Set down all of the data exactly. Pictures stay out of the copy.

§ Data provided
□ □ □ □ □

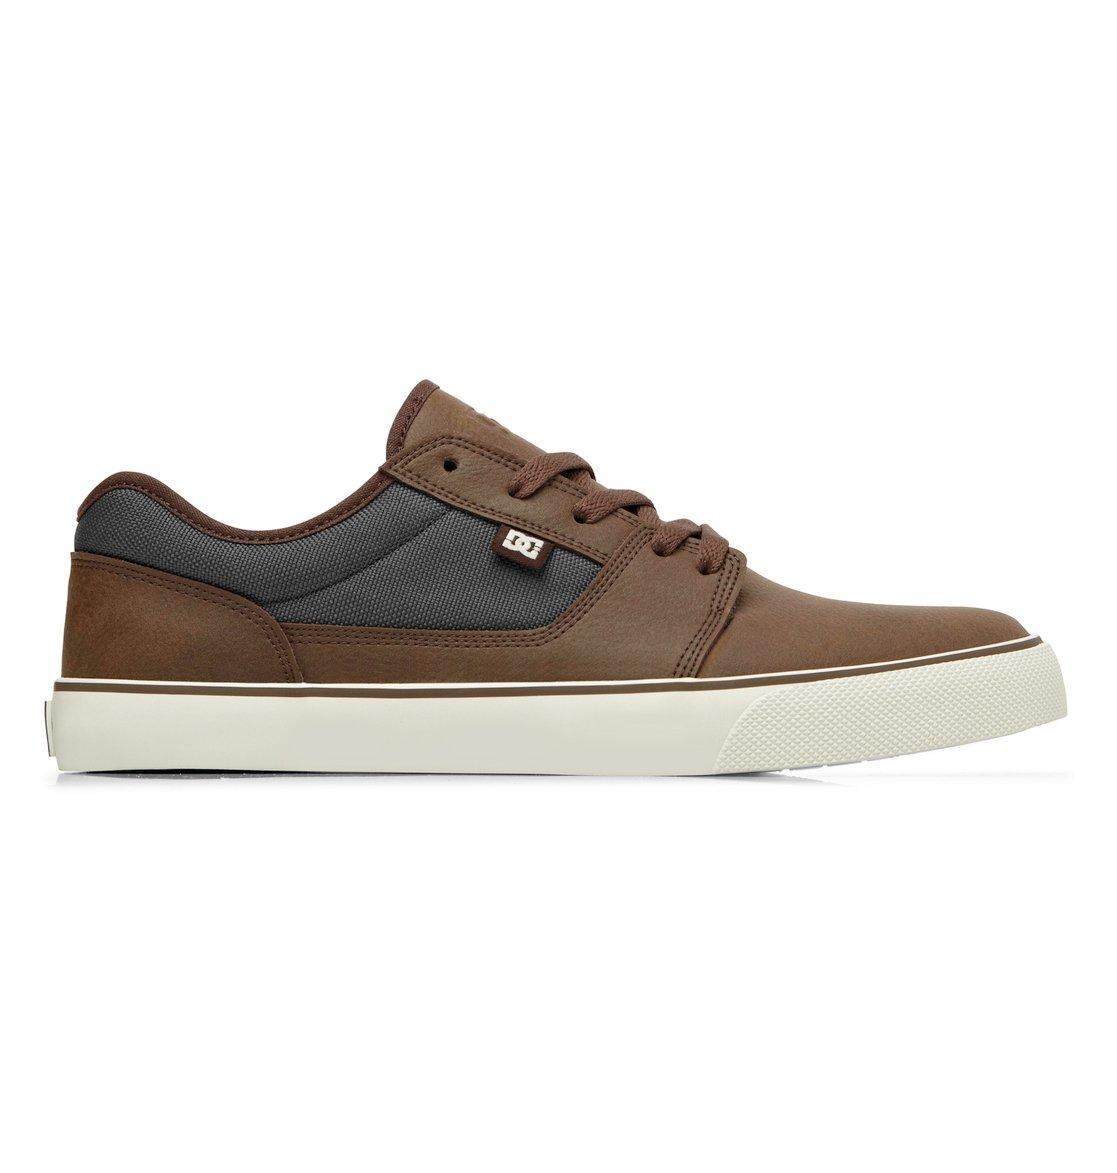 Dc Men s Tonik Se Skateboarding Shoe   754YPNLIP
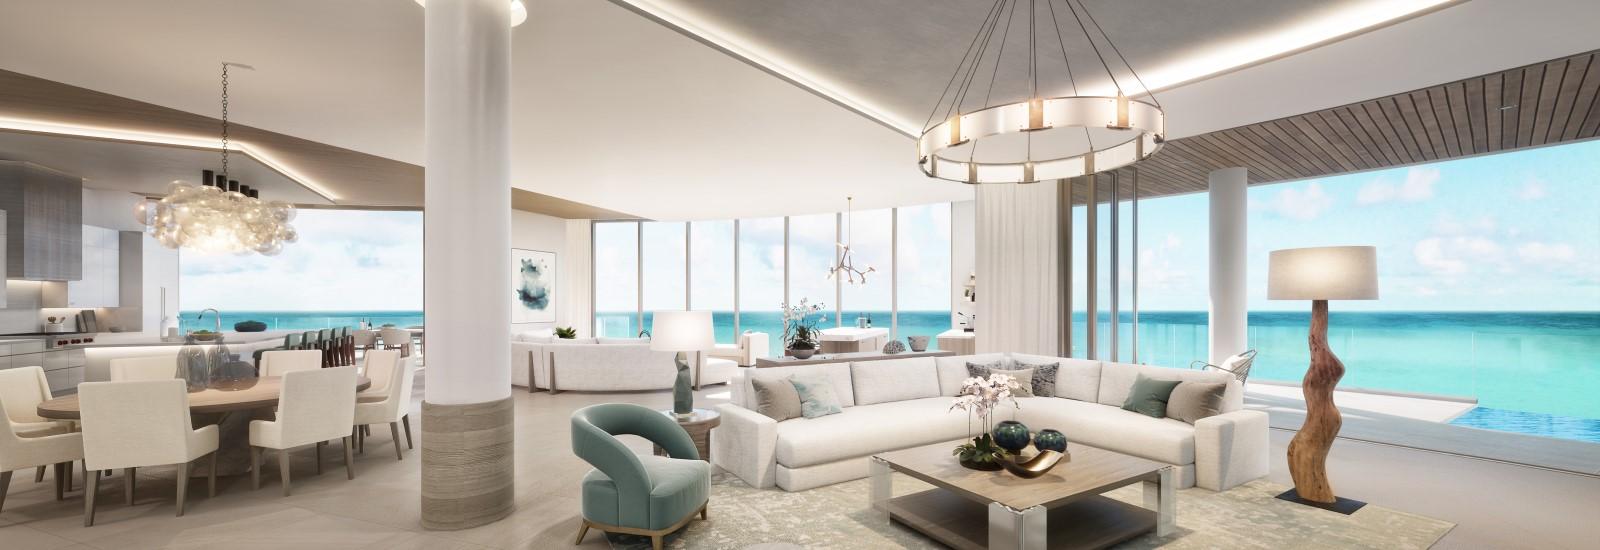 1-the-residences-at-the-st-regis-longboat-key-interior.jpg
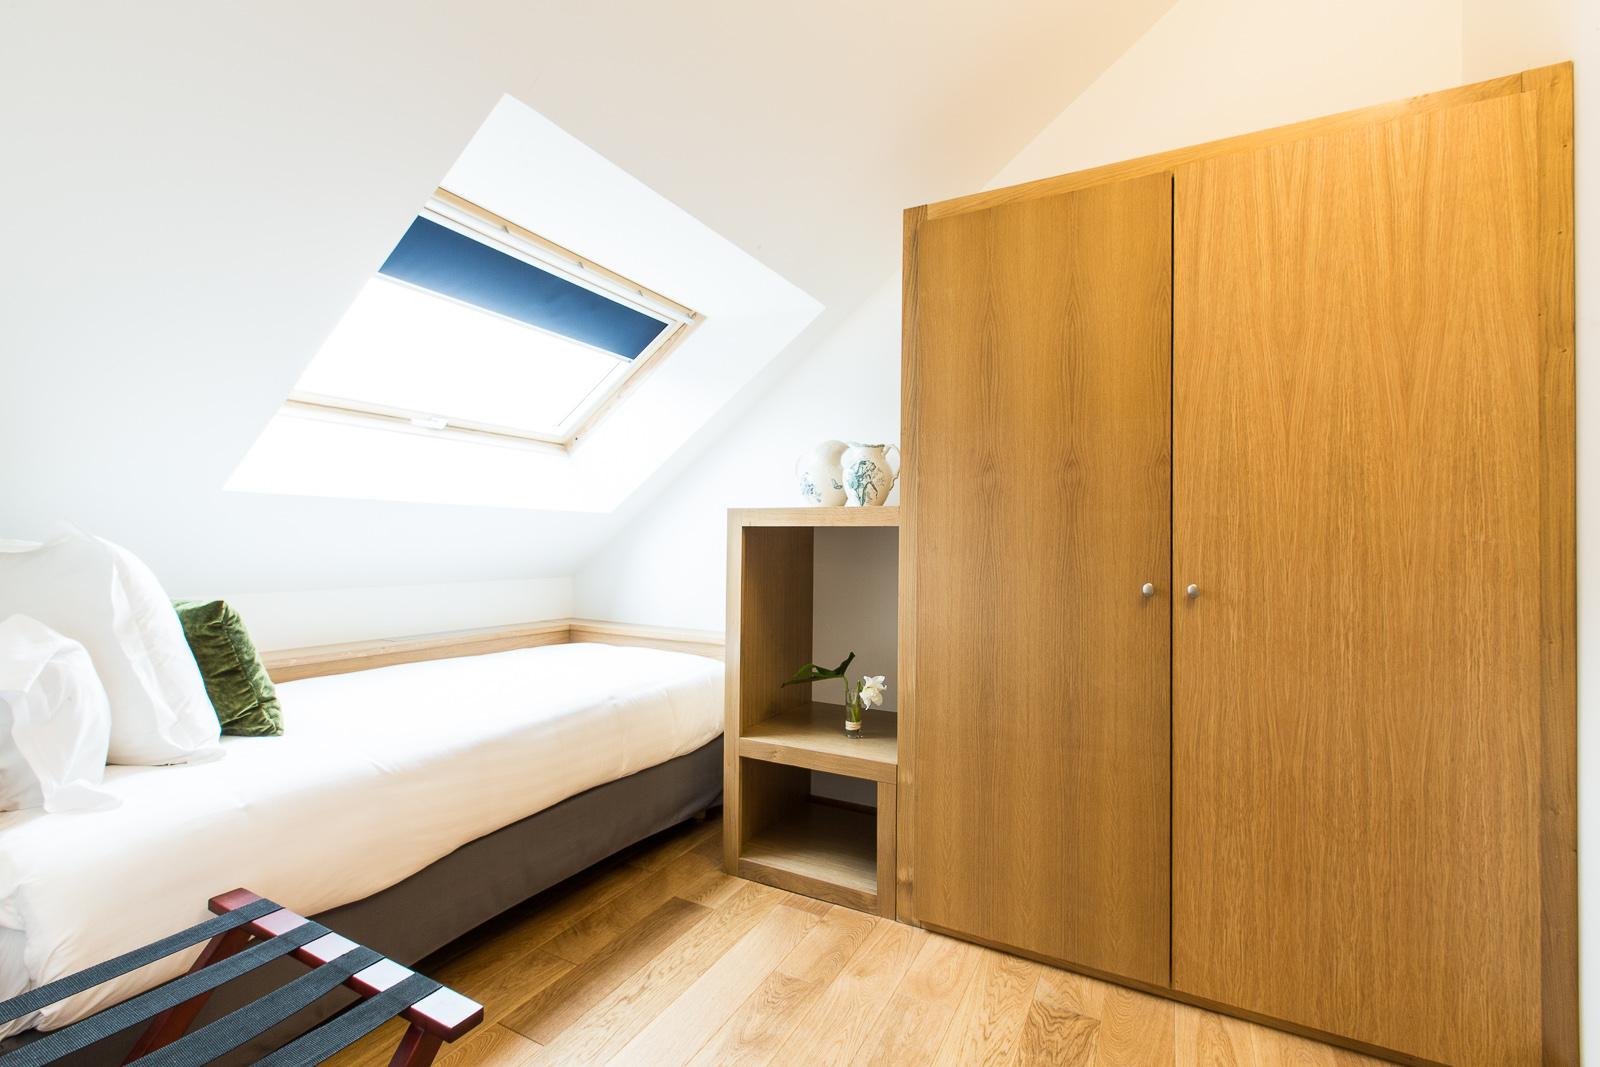 Hotel Marotte chalet lit simple

□ □ □ □ □

§ Your response
 Dc Men s Tonik Se Skateboarding Shoe   754YPNLIP
 1-the-residences-at-the-st-regis-longboat-key-interior.jpg
 Hotel Marotte chalet lit simple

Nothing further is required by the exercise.